First off, the guys look good in the studio. Lighting helps everyone it seems. Ali is not from San Francisco. She lived there. There's a difference. Just sayin' She's an East Coast girl, it's written all over her. As a fourth generation Native Californian, I protest. Loudly.
Ali says in her mind, Frank was in love with her. Sheesh. Haven't we all felt like that before we got dumped. Sucks. We get it Ali. What we don't get is, why Kermit?
Did you hear during introductions? The girls yelled the loudest for Ty. Have you learned nothing? This is how we ended up with Jake Pavelka. He is NOT interesting. I'm sure he's a nice guy and all, but please don't give him a Bachelor try. No. 20 Seasons and still, they scream for the nice guy. Marry the nice guy. Love the nice guy. Don't make him our Bachelor.
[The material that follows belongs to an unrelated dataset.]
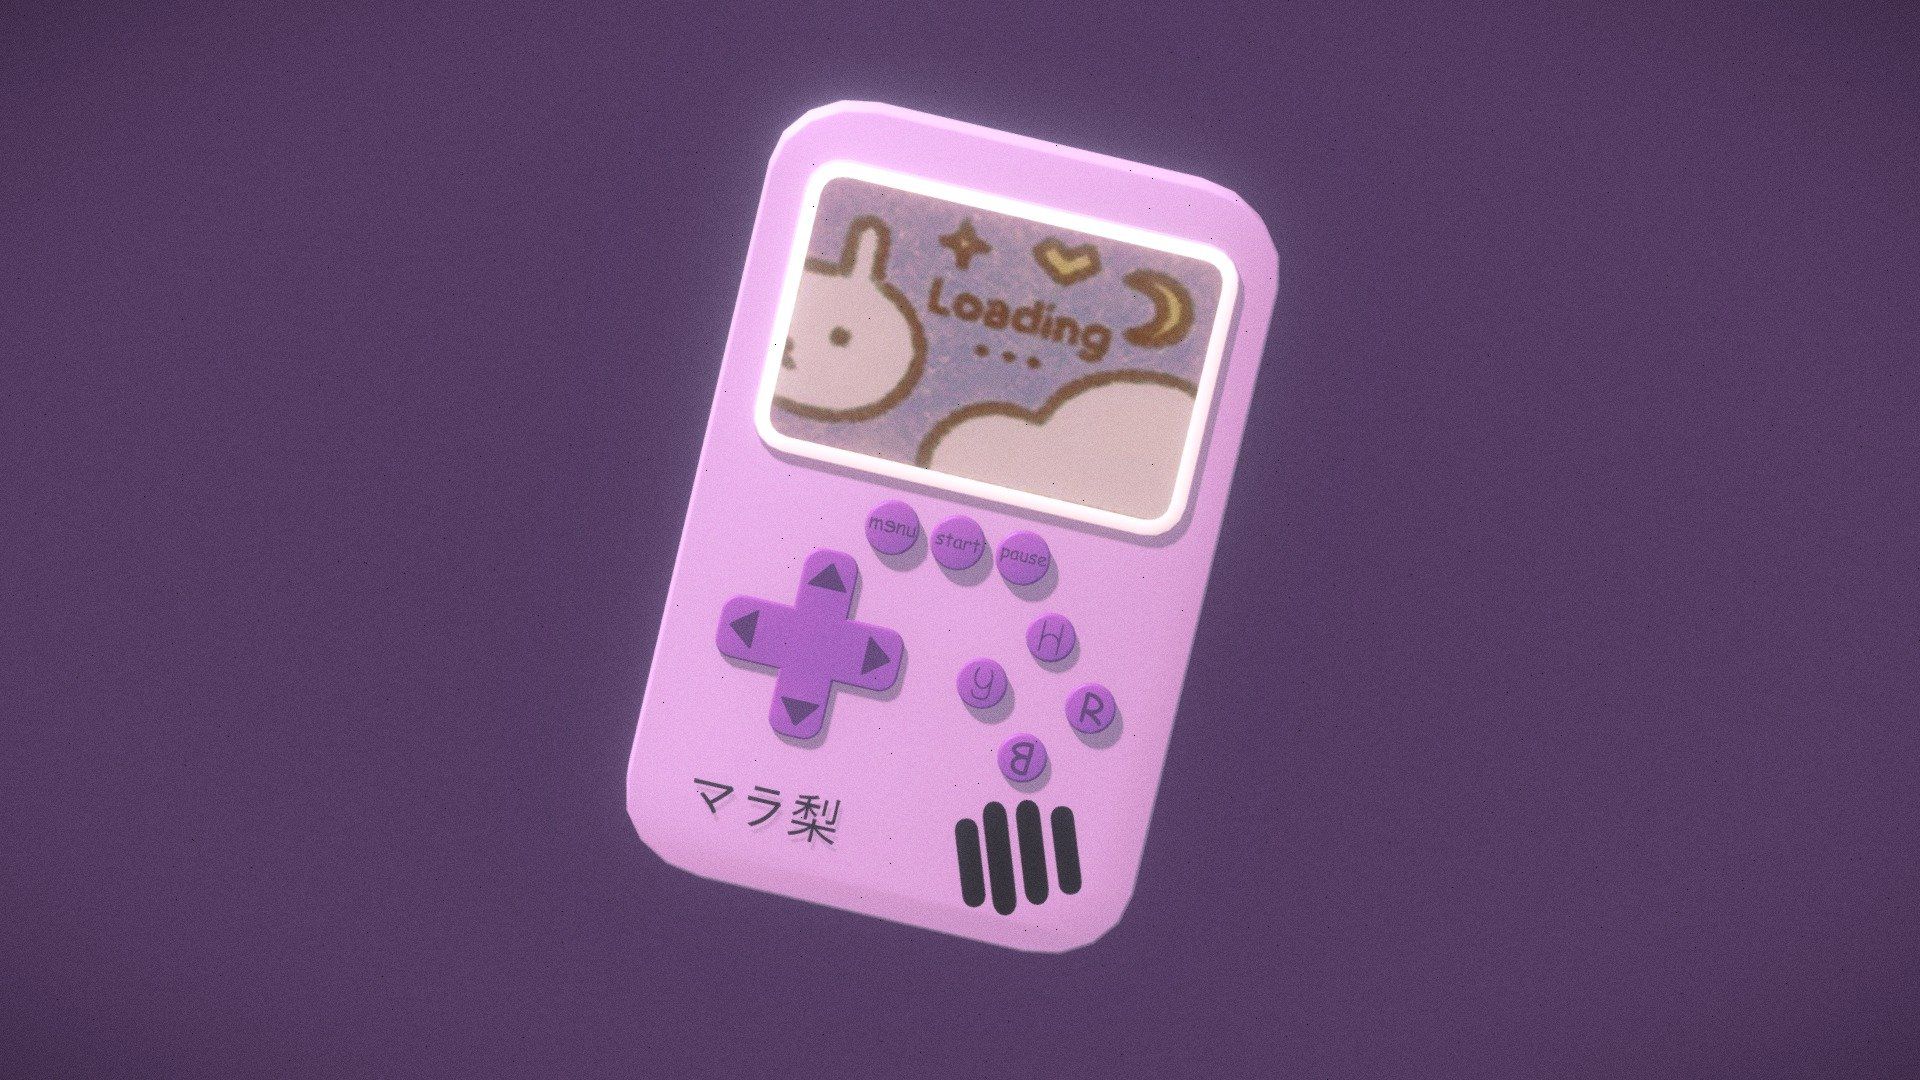 Chillpeach Loading Gameboy model by Laura Zaguini Pereira [a867ded]

So when Chris "The Phantom" speaks, he's rated R about Rated R. Craig the crazy isn't there tonight. Must not have been able to get a weekend pass. The guys are all picking on "The Weatherman". Something tells me this is a familiar place for the weatherman. So the weatherman says, "Ali came to us and asked us to tell her..." Still not okay to tattle dude. Man up. Jesse did. Dang, he's good looking. He reminds me of David Beckham. Or Michelangelo's David.
Casey freaks me out. Methinks he's seen Shrek too many times. Oh and the singing. AWKWARD! He can't sing. And worse, he doesn't know it! He should have been on American Idol with his Mama telling us how talented he was. At least he has the decency to be humiliated watching it back. He says there's a girl out there who would like that kind of wooing. There is, but she's needy, pathetic and codependent. My guess is, she'd scare him first.
Kirk looks good. I think he'd be a great Bachelor. He's got the crazy family and he's fun. He's a little manic and his daddy dissects animals. How can you not love him? I find him interesting. Ty, not so much. Plus, didn't we hear that name Ty enough on whiny Mesnick's season? We did.
Justin. Hasn't he had his fifteen minutes? Enough. He didn't commit murder. He's just a dog. Without a real job. Who lives at home with Mama and has two girlfriends. Don't they check these guys out at all?
Kirk and Ali's communication was warm and sweet. Casey's -- I'm hearing Sting, "I'll be watching you." Not whatever bad song he's singing.
You know, you'd think Roberto would be the Don Juan, but something tells me, Chris is more of a dog. But I will say, it's hard to see. He looks pretty good from the outside. I wonder if he is.
The Bachelor Pad looks bad. Twister? In Daisy Dukes? Oh no!!! Scary Hair guy is back. Ewww. This preview is disturbing. It looks like all the parts I skip through on the Bachelor/Bachelorette. Ick. I am grossed out. I feel like I've been in one of those hot tubs. Violated. Blech. I'm going to be in Mexico when this debuts. I think I will skip it because I just don't want to know there are that many good-looking, disturbed people in the world. Ignorance is bliss.